By and large, the quality of the reports from AI and humans was comparable. Both made roughly the same number of errors, and corrections were necessary for several reports. But: The Chat-GPT-4 AI model created the documents ten times faster than the doctors.

The Chat-GPT AI model can write medical reports up to ten times faster than doctors without compromising on quality. This is the conclusion drawn by researchers from the Department of Orthopaedics and Traumatology at the University Hospital Basel (USB) from a pilot study with six virtual patient cases. They conducted the study together with Swedish colleagues from the Karolinska Institute, Uppsala University Hospital and Danderyd Hospital.

Link to study: ChatGPT-4 generates orthopedic discharge documents faster than humans maintaining comparable quality: a pilot study of 6 cases

My assessment of the study

The results of the study are impressive and reflect what I have already tested myself with medical practices in pilot groups. Provided ChatGPT receives a suitable prompt, the quality of ChatGPT’s medical reports is extremely good. It should be noted that the quality and accuracy of the prompt has a major influence on the result.

I would also like to point out that ChatGPT in no way complies with data protection standards.
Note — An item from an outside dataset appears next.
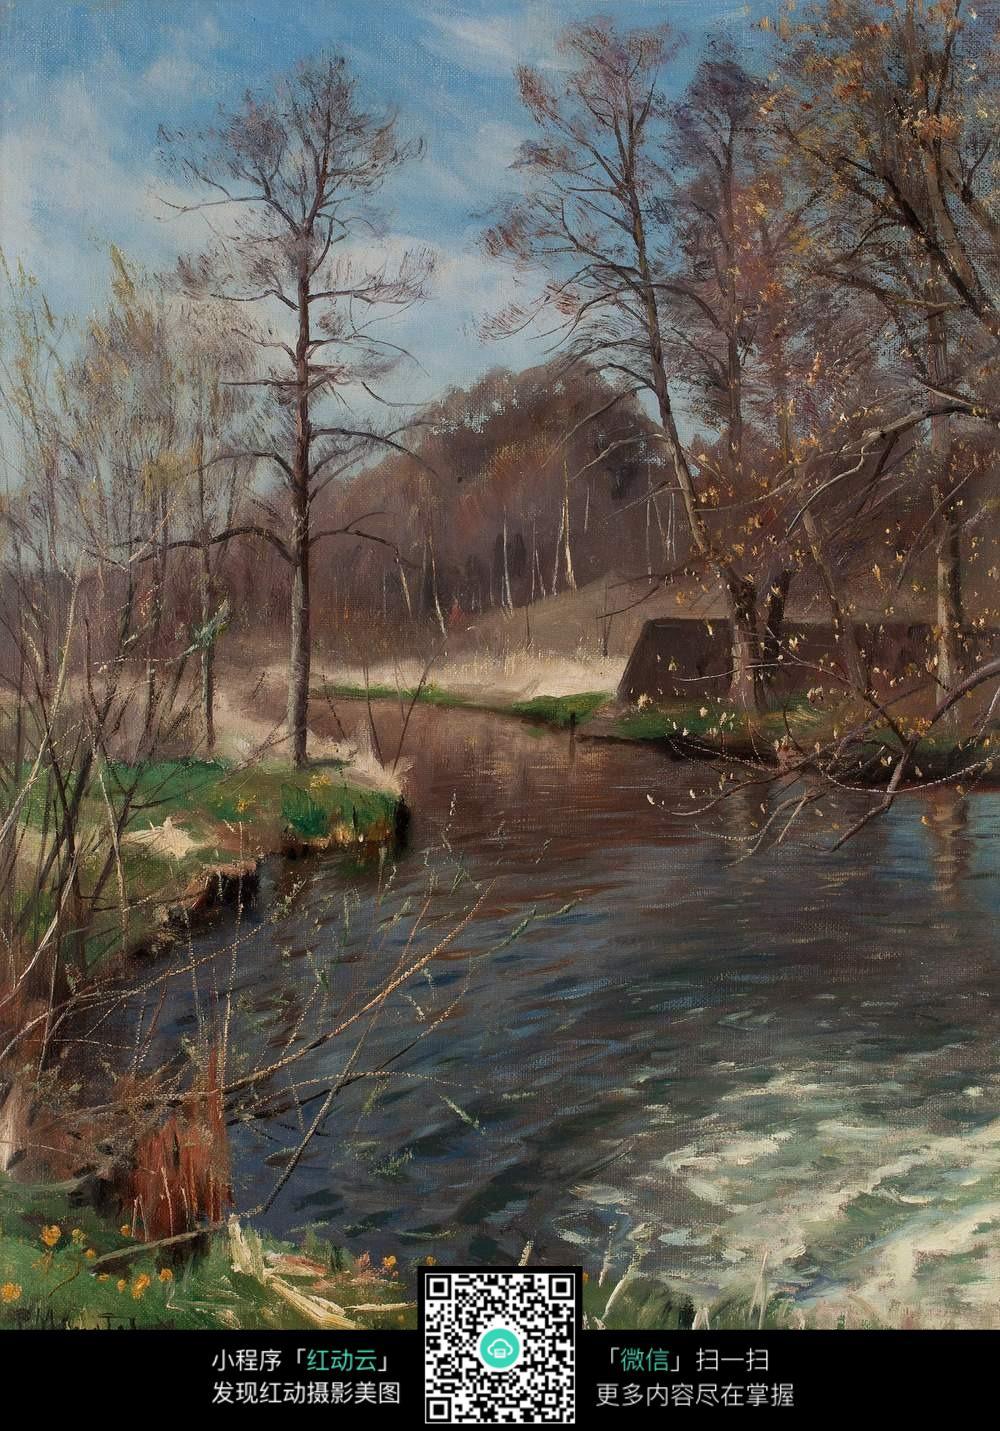 林中山溪写实风景油画

ChatGPT for quality and efficiency tests is a good option. If AI technologies are to be used in operations, however, secure (Swiss) solutions must be used. One of these is SwissGPT from AlpineAI.

Ultimately, the fact remains that, as is already the case today with conventionally created documents, every report has to be checked by people.

ChatGPT: More empathetic than a doctor

In California and Wisconsin, USA, several hospitals tested the Open AI software ChatGPT as part of a comprehensive pilot project. The chatbot was tasked with answering questions from patients who were able to submit them via a social media forum. The result: According to the study, the bot performed better than the human doctors.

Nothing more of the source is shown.